En este tema particular se evidencia que el problema no debe atribuirse a un fenómeno multicausal o del momento. Según un informe de la Comisión Económica para América Latina y el Caribe (CEPAL) denominado “Seguridad ciudadana y violencia en América Latina”, el incremento de la inseguridad y violencia se debe a la confluencia de varios factores como los individuales, familiares, sociales y culturales, que inciden en una conducta violencia a nivel doméstico o social.

Según destaca el informe, existen dos teorías en las ciencias sociales que abordan el estudio de la violencia y de la conducta delictiva: la teoría de la ruptura; que sostiene que la violencia surge de una ruptura o desajuste del orden social, aspecto por el cual la CEPAL señala que el 60% de la población en Honduras es pobre, situación que se traduce en  pocos recursos para cubrir con la canasta básica.
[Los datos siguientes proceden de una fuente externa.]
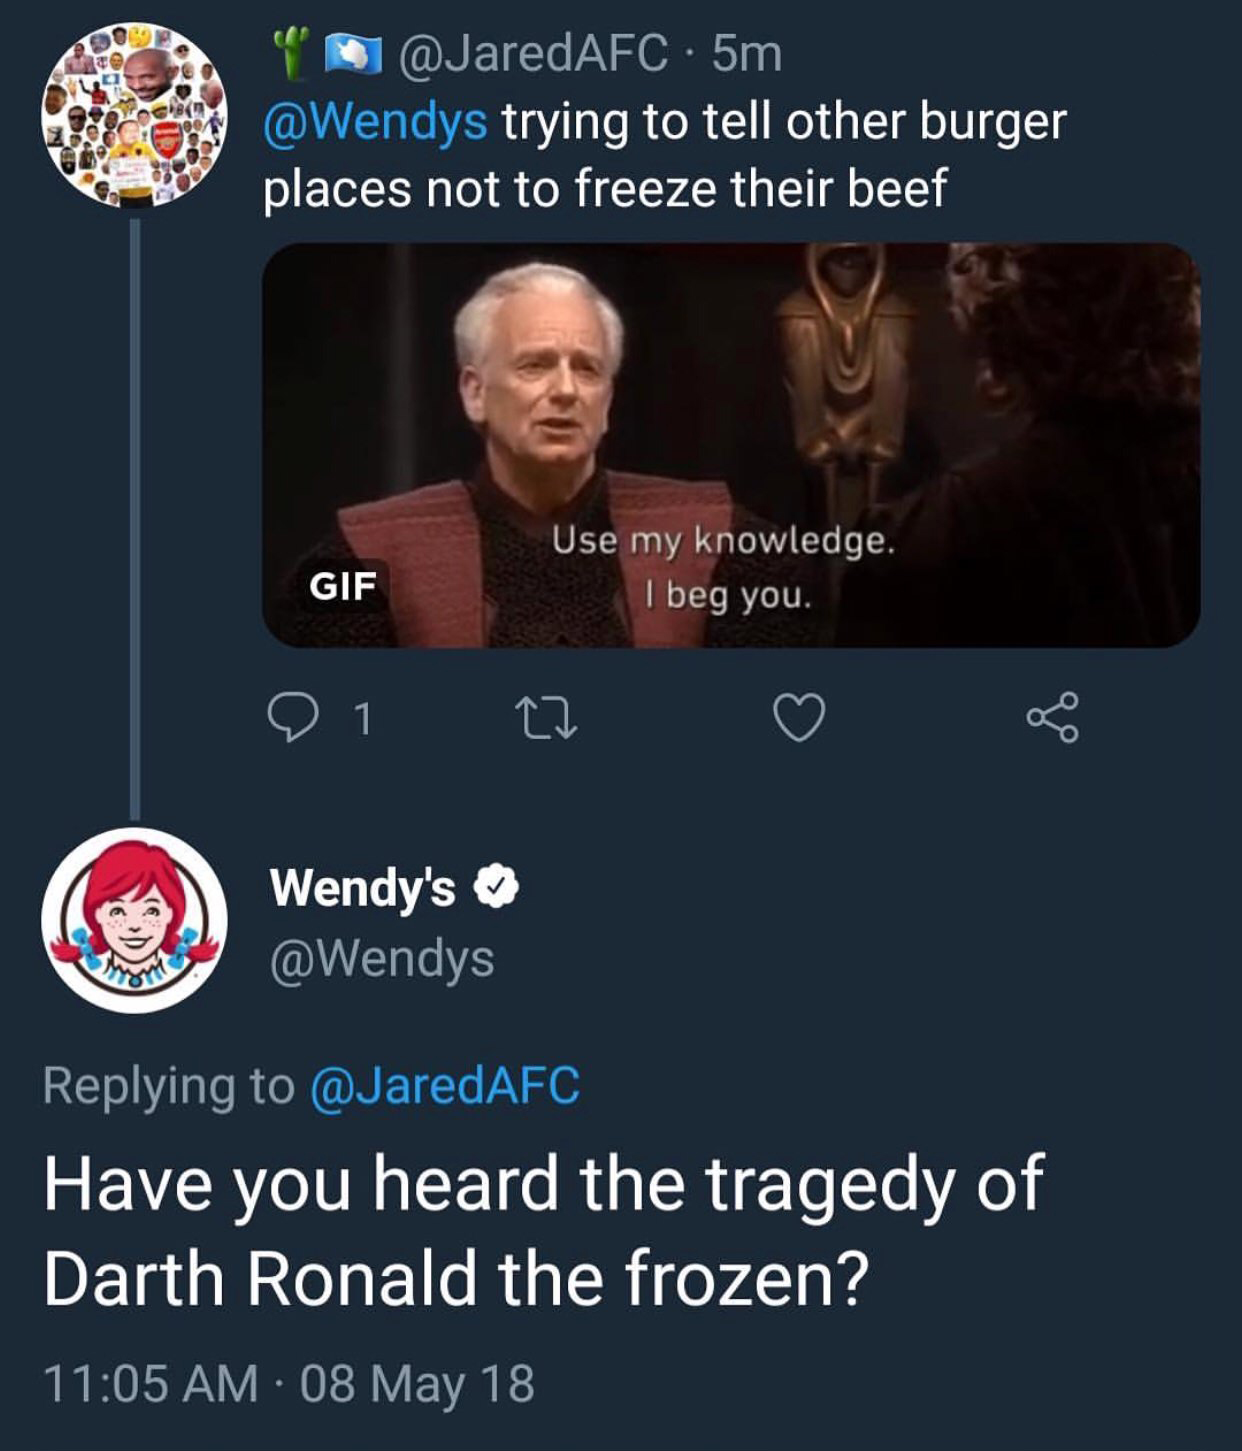 memes - arin and wendy's - 5m trying to tell other burger places not to freeze their beef Gif Use my knowledge. I beg you. 101 27 0 8 Wendy's Have you heard the tragedy of Darth Ronald the frozen? 08 May 18

En cambio, la teoría de las formas de la socialización, que indica una dimensión más estructural, en la cual la existencia de grupos subculturales traspasan los conocimientos delictuales, un aspecto muy marcado en las maras hondureñas, donde existe un esquema organizativo con niveles de jerarquía.

Otros aspectos que no debemos dejar de señalar es que el tráfico de drogas, armas y el exceso del consumo de alcohol y estupefacientes, entre otros factores, inciden en la psiquis de las personas, generando conductas violentas dentro de la sociedad. En ese sentido, como señala el informe, el aumento de la violencia es un problema con alto crecimiento en América Latina, por lo cual deben buscarse soluciones estructurales que aborden el tema de una forma más amplia, y no como fenómenos o eventos casuales, ya que la historia de José no es un evento casual, es sistemático y con un desproporcional crecimiento.